Jean Cabanel, D'Anduze, a vécu parmi les inspirés; et lui aussi est affirmatif:
"Je puis assurer avec certitude, comme une
chose qui m'est particulièrement connue, que les personnes qui avaient reçu les grâces, quittaient incontinent* toute sorte de libertinage et de vanité. Quelques-uns qui avaient été
débauchés devinrent sages et pieux; et tous ceux qui les fréquentaient devenaient aussi plus honnêtes et menaient une vie exemplaire."
MLLe Sybille De Brozet, du
Vigan, est aussi formelle à ce sujet:" Melles de Vallemont et
de Bagard, mes amies qui étaient des filles assez du monde, changèrent entièrement leur manière de vivre aussitôt qu'elles eurent reçu des inspirations. Elles évitèrent leurs
compagnie ordinaire , ne portèrent que des habits extrêmement modestes, et leur exercice continuel était la prière, la lecture des livres de piété et la fréquentation des personnes qui leur
ressemblaient."
Conversion de Jean Cavalier, de Sauve (Janvier 1707)
"J'étais un garçon de quinze ans, que la dévotion n'occupait pas beaucoup; mais je consentis volontiers à la proposition qu'on me fit, quand je pensai que je verrai peut-être là
quelques-uns de ces inspirés dont on disait des choses si étranges. Je ne fus pas aussitôt entré dans la grange où tout ce monde était, que j'aperçus un petit garçon qui disait entre autres
choses qu'il y avait des personnes dans la compagnie qui n'y étaient venues que par curiosité, et avec un esprit moqueur; et que si ces personnes-là ne se repentaient pas, Dieu
permettrait qu'elles soient reconnues et rendues honteuses. Il ajouta quelques choses de même nature; et fit si bien mon portrait, que quand il aurait pénétré dans mon coeur, il
n'aurait pas mieux représenté les dispositions où j'étais: ce qui me frappa terriblement..... Mais ce fut bien pis lorsque comme toute ma pensée et tout mon désir ne tendaient qu'à sortir de
là, je vis un autre fort jeune garçon, directement sur mon passage, et qui dit à haute voix qu'il y avait une personne mal intentionnée qui voulait sortir, et qu'il fallait mettre des
gens vers la porte, pour l'en empêcher, de peur qu'il n'allât découvrir l'assemblée. Alors, il arriva une chose particulière que je suis obligé de dire ici. Le second prophète continuait à
parler, et dit tout à coup en changeant de ton, qu'il y avait plusieurs fidèles qui erraient, près de là, dans les champs ou les bois, cherchant l'assemblée; et que pour les faire venir, il
fallait que quelques-uns sortissent, et entonnassent un psaume.Une troupe sortit et se mit à chanter.
Nous verrons, disais-je, s'il sait effectivement deviner, ou si ce qu'il a dit de moi n'était que par hasard.

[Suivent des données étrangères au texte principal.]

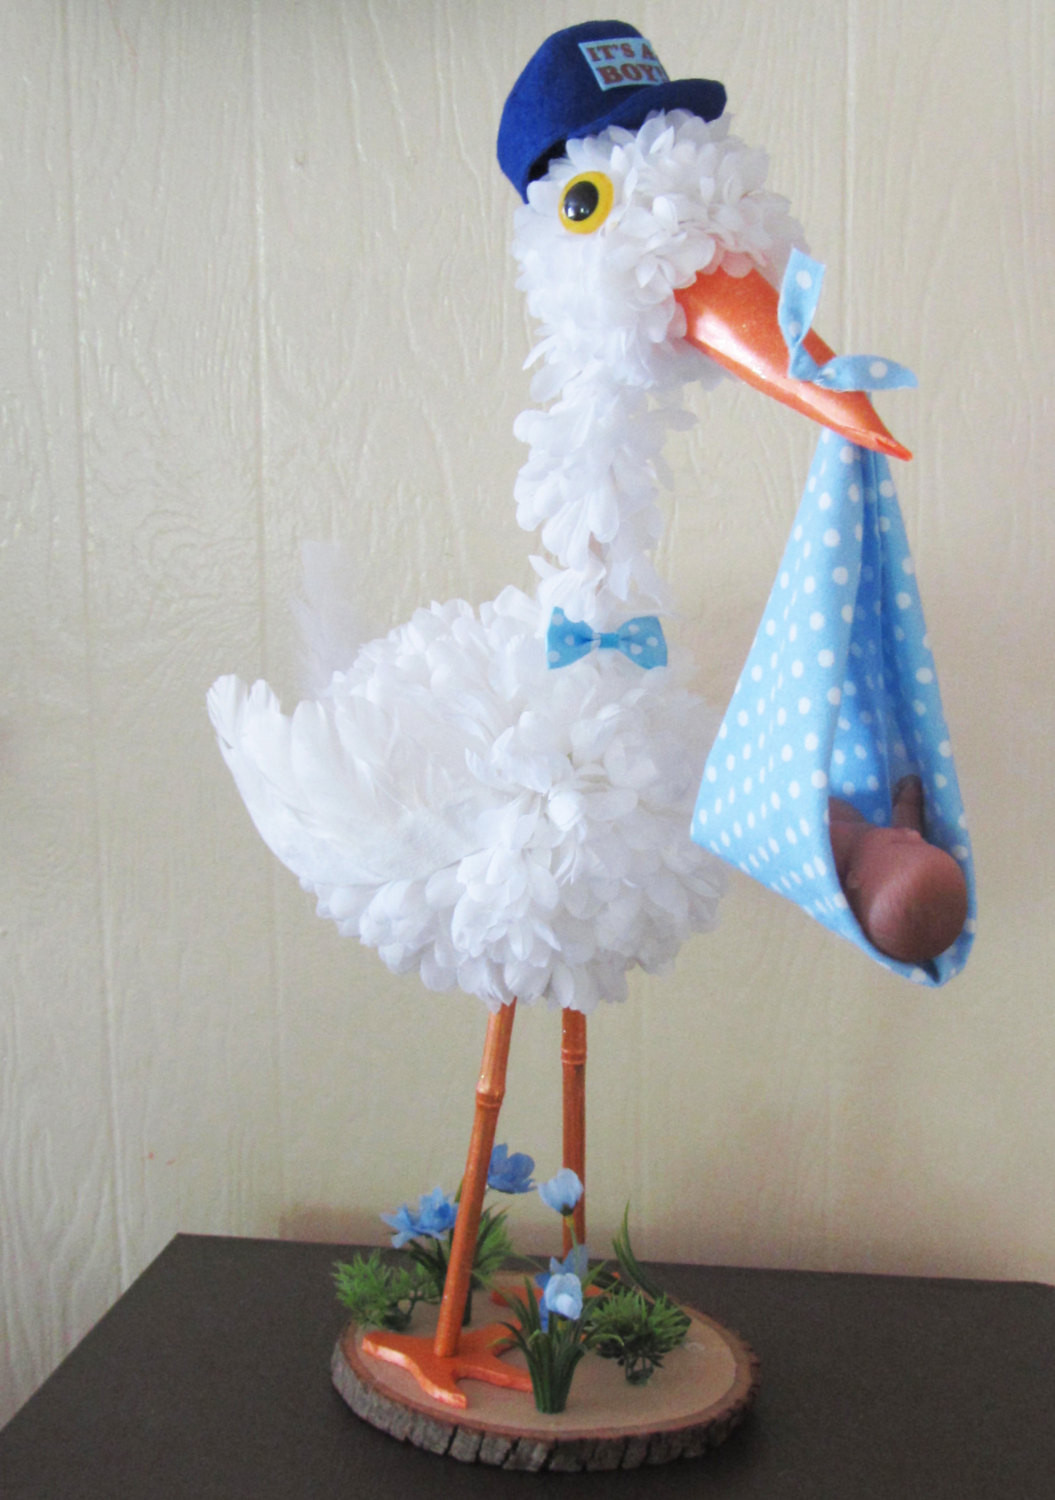 DIY Baby Shower Centerpieces For Boy
 Stork Centerpiece Baby boy stork centerpiece unique baby

Comme je m'entretenais ainsi tout seul, voilà les gens
qui rentrent avec un assez bon nombre de ceux que le chant des psaumes avait attirés. Cela me toucha beaucoup, et me fit faire en moins d'un quart d'heure, plus de réflexions qu'un garçon de mon
âge n'en a fait, pour l'ordinaire dans toute sa vie!"
"Mais voilà qu'un troisième garçon se leva, plein de l'Esprit. Il parla deux grandes heures avec une facilité merveilleuse, et il dit des choses si pathétiques et et si excellente , que
tout le monde fondait en larmes, et moi avec les autres . Personne ne dormait, j'en suis sûr; les paroles que ce petit serviteur de Dieu prononçait n'étaient pas endormantes: on n'en
perdait pas une, car elles étaient toutes du sujet, et toutes proportionnées à la capacité du bon et simple peuple qui les écoutait
quoiqu'elles fussent toutes sublimes et divines. Les deux heures passèrent comme deux moments. Et qui est l'enfant qui pourrait dire des choses semblables? Tout le monde assurait que
ce petit garçon ne savait pas lire. Mais quand il aurait su lire, en vérité, il n'était point capable par lui-même, de composer un pareil discours , ni de le réciter, ni même d'avoir la
hardiesse de parler en public, et en français.**
"Dès après que la prédication fut finie, je sentis comme un coup de marteau qui frappa fortement ma poitrine: et il me
sembla que ce coup excita un feu, qui se saisit de moi, et
qui coula par toutes mes veines. J'étais alors tout occupé du sentiment que j'eus de mes péchés. Les fautes de libertinages auxquelles j'étais le plus sujet, me parurent des crimes
énormes, et me mirent dans cet état que je ne saurais décrire. On fut bientôt convaincu
dans la famille, par l'état plus extraordinaire que jamais, où on me vit alors, et même par le prodige d'un jeûne de trois jours, après lequel je n'eus ni faim, ni soif, qu'il fallait que des
choses semblables vinssent de la souveraine Puissance. Et comme les paroles que je prononçais étaient toutes bonnes et saintes, on n'avait n'avait garde de s'imaginer qu'elles pussent
venir d'une source impure."
Salutaires inspirations
Il est fréquemment arrivé que Dieu s'est servi de prophètes pour révéler
à des frères et à des soeurs les dangers qu'ils couraient. Le pieux Abraham Mazel cite le cas suivant:
"Un certain homme, dit-il, qui avait été autrefois de ceux qu'on appelait ancien, dans
quelqu'une de nos église, fut suborné *** pour trahir le frère Salomon Couderc, et le faire tomber dans une embuscade avec la troupe qu'il commandait. Cet
ancien, donc, s'enrôla parmi nous avec Salomon, faisant valoir le talent qu'il avait de chanter les psaumes. Salomon le prit en amitié et les choses s'acheminaient bien pour le traître,parce que
la troupe s'approchait insensiblement d'Alais, par l'adresse de ses persuasions.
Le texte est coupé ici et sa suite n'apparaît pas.